This weeks This American Life consists of several recorded stories about sleep away camp. There are two stories with Jewish content, one at 21:24 about a Wisconsin Zionist Camp and one at 29:59 about an IDF camp for both American and Israeli kids.
- Do you think camp is necessary?
- Should there be an age limit for people attending camps?
- Should 22 year old yeshiva boys and girls still be going to camp?
- As a parent would you rather have your son or daughter get a job and experience some real responsibility as a young adult?
- Is summer camp just another part of our society's infantilization of young men and women?

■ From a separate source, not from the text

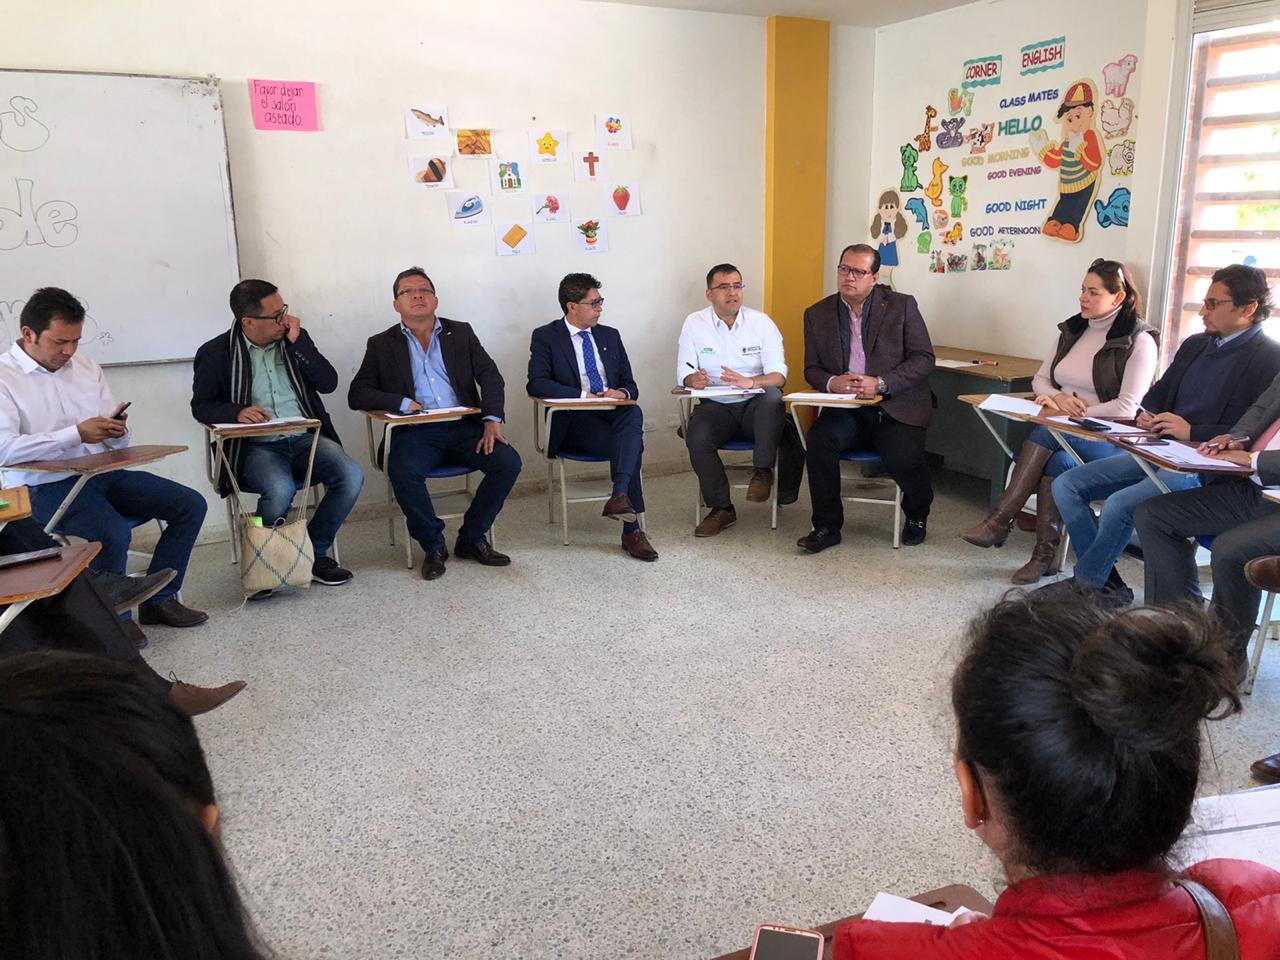 Foto: Juan Diego Rodríguez-UACP

- Is there anything creepier than a grown man being excited for summer camp?
I was never a camp person, I never enjoyed or cared about organized sports. When I reached high school I went to a camp which is no longer extant called Heller which had the reputation of being a "learning camp". I thoroughly enjoyed the camping experience there, which may be because it was popular then to seem indifferent to the camping experience. Sneaking out of meals, skipping activities, and ignoring lifeguards was a daily occurrence and that's what made the whole thing enjoyable.
The camp I attended while in elementary school, Romimu, was more sports oriented. If I were on this weeks show I would have shared this story from then:
For some reason it was a huge honor to claim you knew someone working in the canteen. If you had an "in" with someone on the staff there you might as well have been James Dean, you were cool. One year I knew the head of the canteen, he let me work behind the counter on one or two occasions and I would have done it every day, for free, if he let me.
One year a friend of mine in a different bunk who we all knew to have a canteen connection came into our bunk after curfew to take orders. It was all very thrilling and illegal and we all put in orders and gave him our money. I ordered a frankfurter. About an hour later he came back with a box of food claiming he was only able to fill the frankfurter orders, anything else ordered was not available and he put the box down and left.
There was certainly something fishy about the whole thing. For one the frankfurter was cold and burnt, secondly, there were no buns, and thirdly, how could the canteen be out of onion rings?
I decided we should sneak out to James Dean's bunkhouse a few doors down to investigate the matter. When we got there we learned that he never even went to the canteen. His bunk had a BBQ the night before with many uneaten frankfurters leftover. What he did was turn on his gas BBQ in the shower stall in the back of their bunkhouse to heat up un-refrigerated 24 hour old meat and sold that to us.